Pale light seeps in from the ante-chamber, illuminating his folly. He strides to the door and looks through into the small room; his gaze betrays contempt, mistrust. A pause; the long stare. Rizzoli’s eyes fix firmly on the tapestry; on Diana’s woven breast; intimidated. He holds his cold fist tightly; waits; does not look up. Water seeps from his boot.
“Well?” The door slams shut. He hears faintly “Not a word to the Council” then “Watch him.”
They release him through a side door onto the narrow calle. His pockets are unburdened by a purse or any other favour. His portfolio is empty. Forlorn hope of reward; of any recompense. Thieving bastard he thinks. He’s muttering to himself as he crosses the bridge, through the covered alleyway and out across the deserted campo towards the church. He’s railing internally; railing at the deaf walls, the impervious sky; levelling his anger at the scavenging pigeons. “Bastard!” This time it escapes with vigour; elicits a concerned glance from a woman draping damp linen from her window. He smiles up at her in shame; crosses his arms across his chest, clutches his shoulders. “This weather.” He stretches his arms wide, craving forgiveness. She turns away, retreats into her room.
The withering damp chills him bone deep as he walks the long walk back to his house. Hands, fingers, face and feet, all are numbed.
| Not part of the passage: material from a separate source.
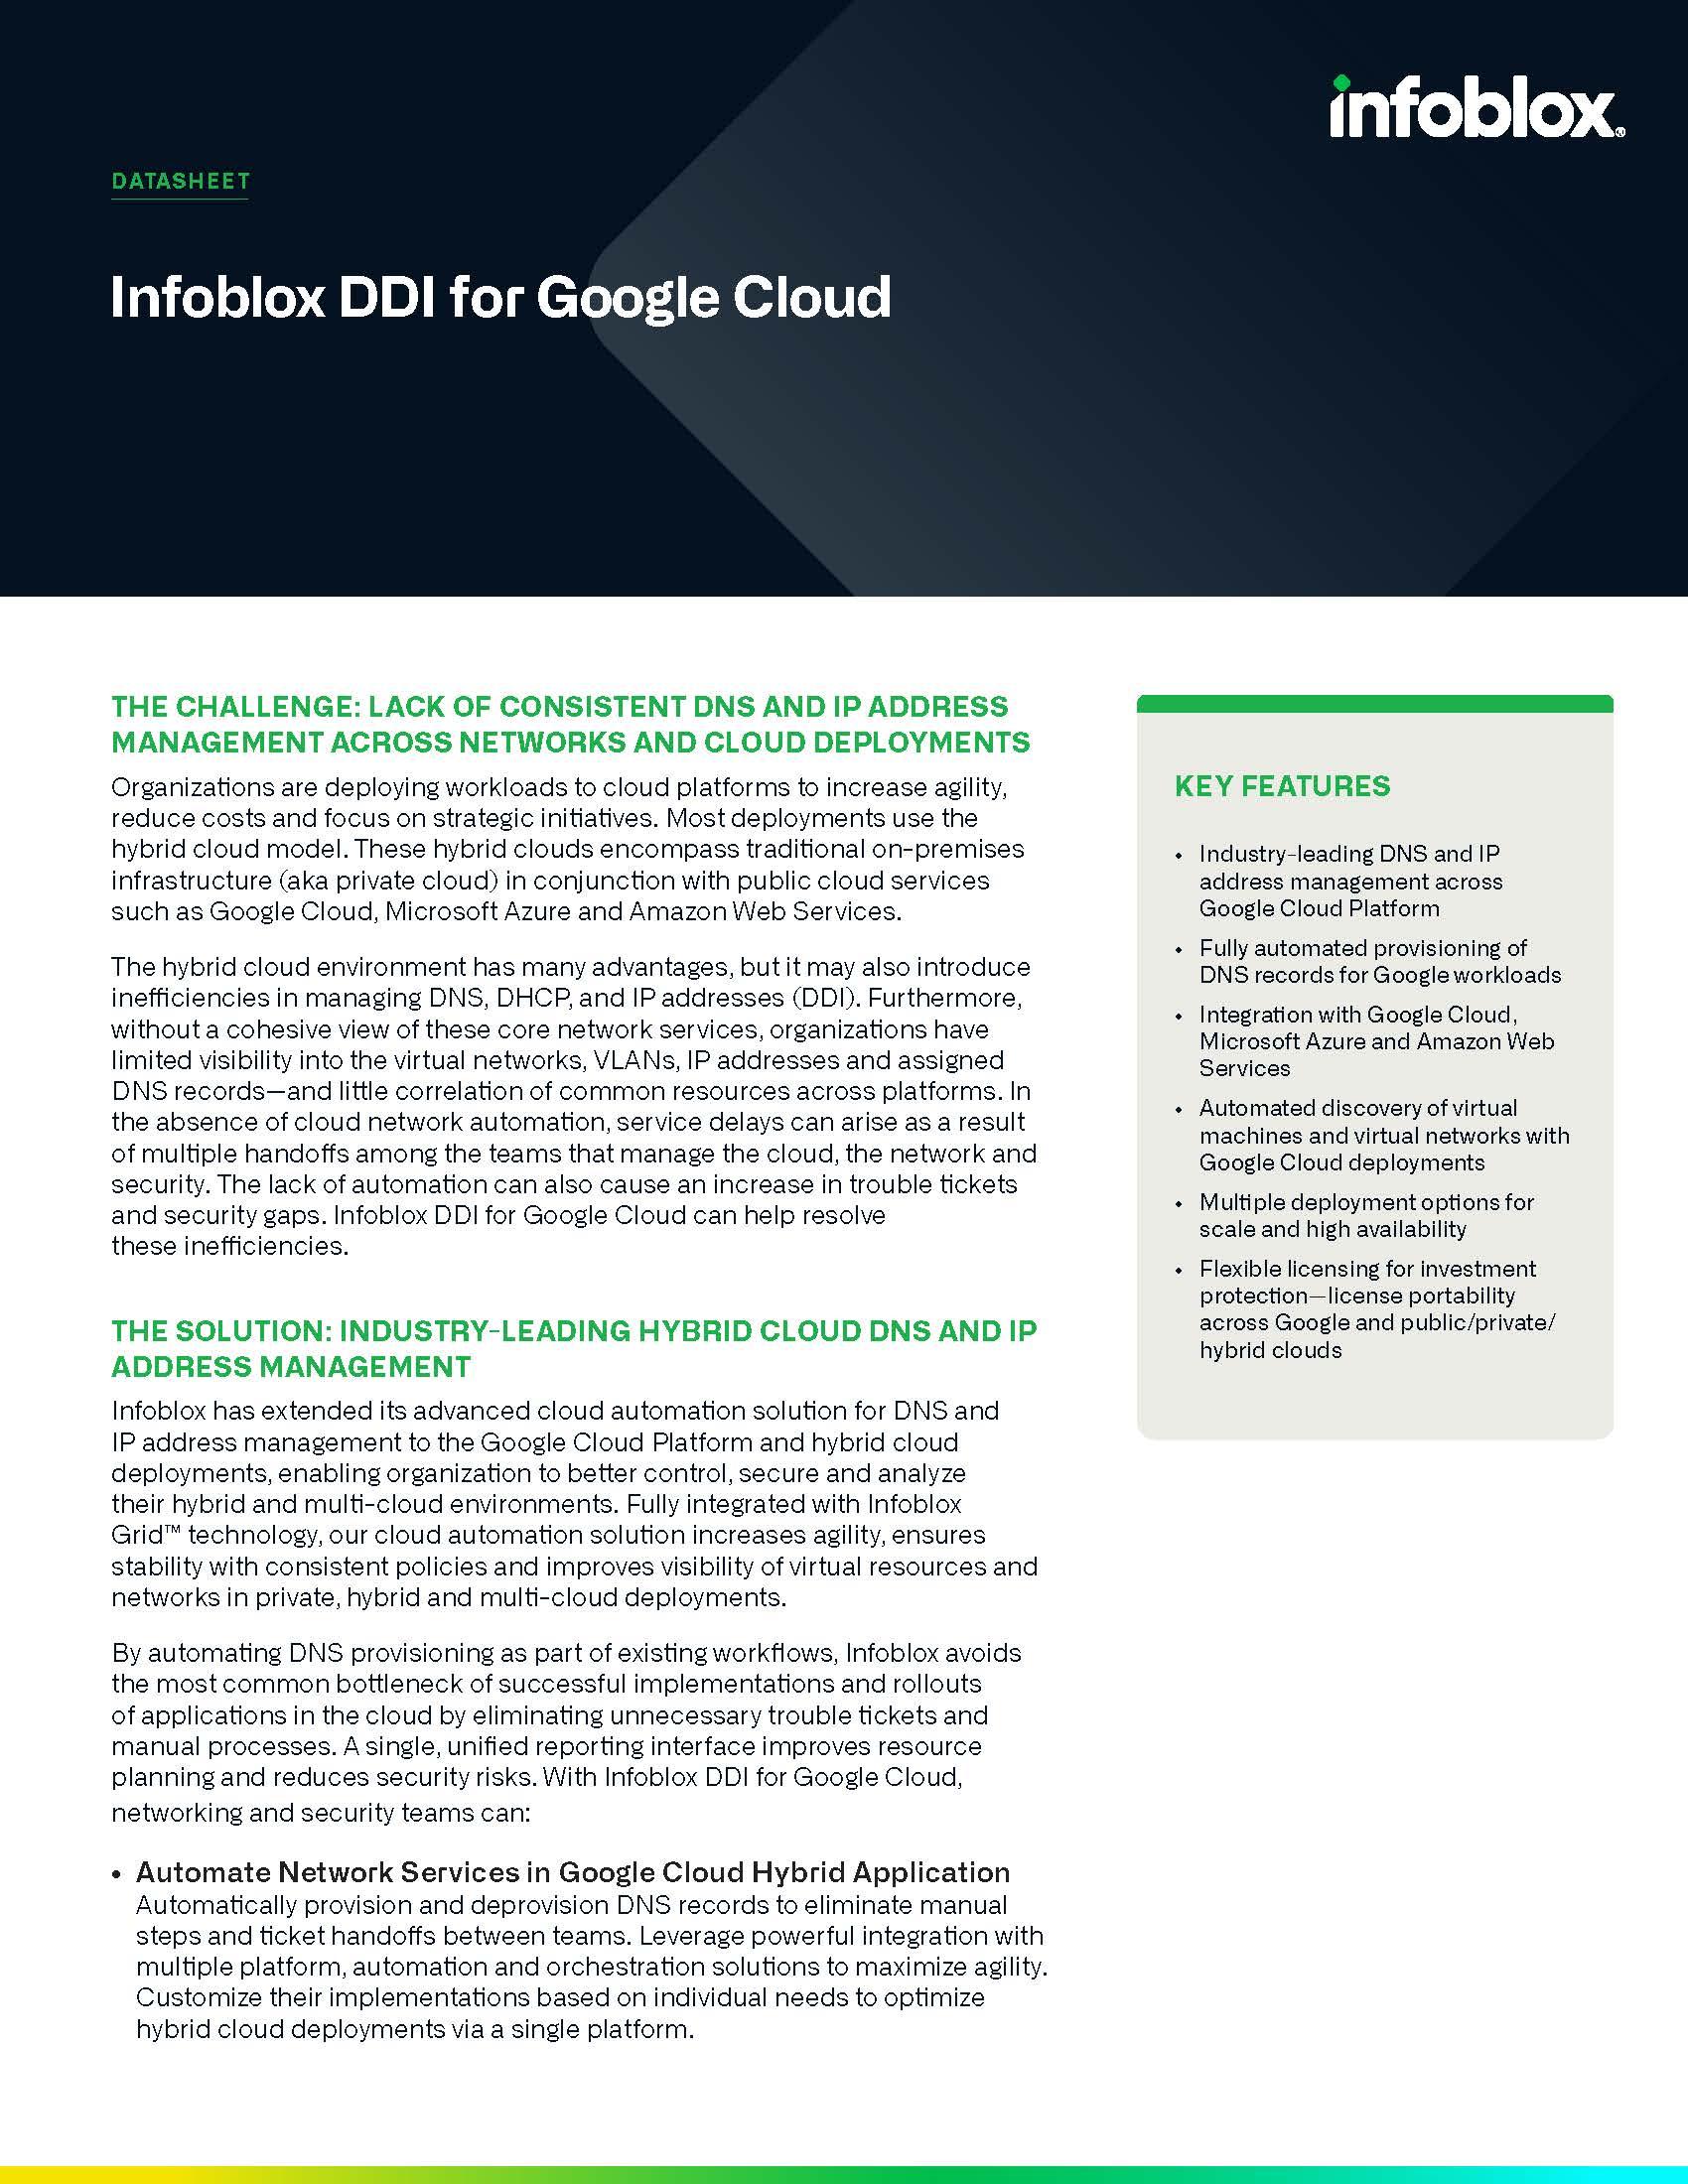 DDI For Google Cloud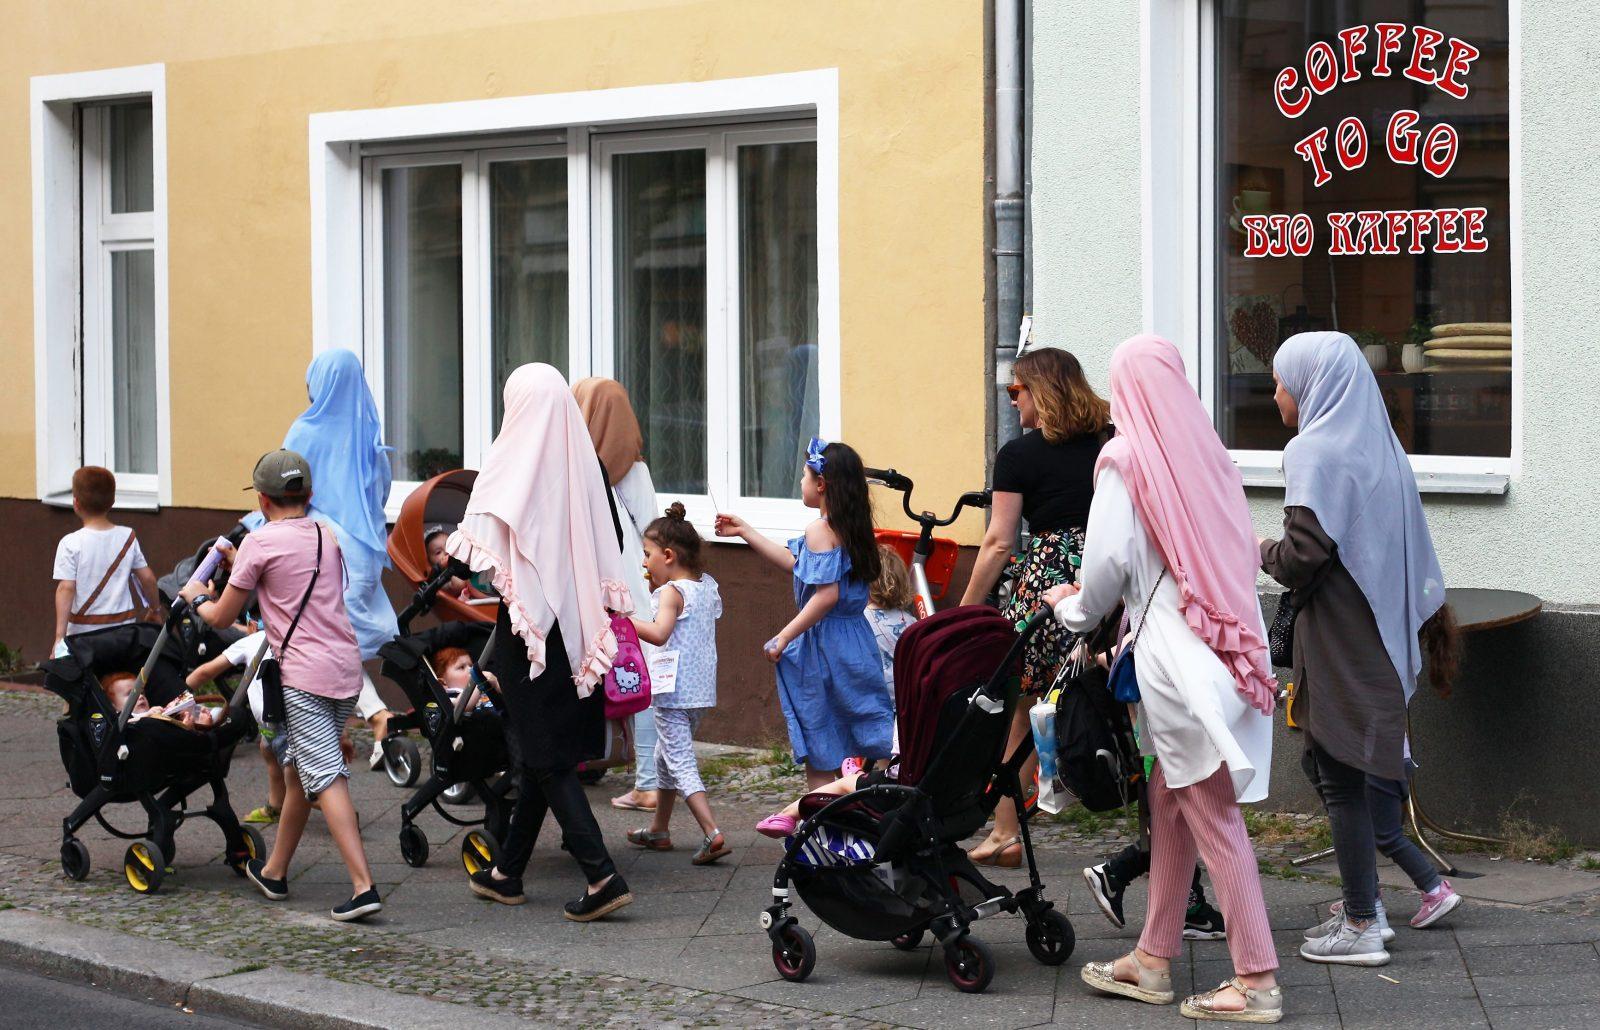 Muslimas mit Kindern

The unremitting attrition of winter’s embrace drives its cold fingers into his skull. He shakes loose its grip and unlocks the door. On his knees he meticulously stacks shavings, kindling, and wood in the hearth; strikes the tinder and cherishes the risen flame. He takes a moment to offer his palms for comfort, then moves to the table. Taking a scrap of parchment he dips the pen and writes, Vermuyden, blows the ink dry then pushes the note into a drawer.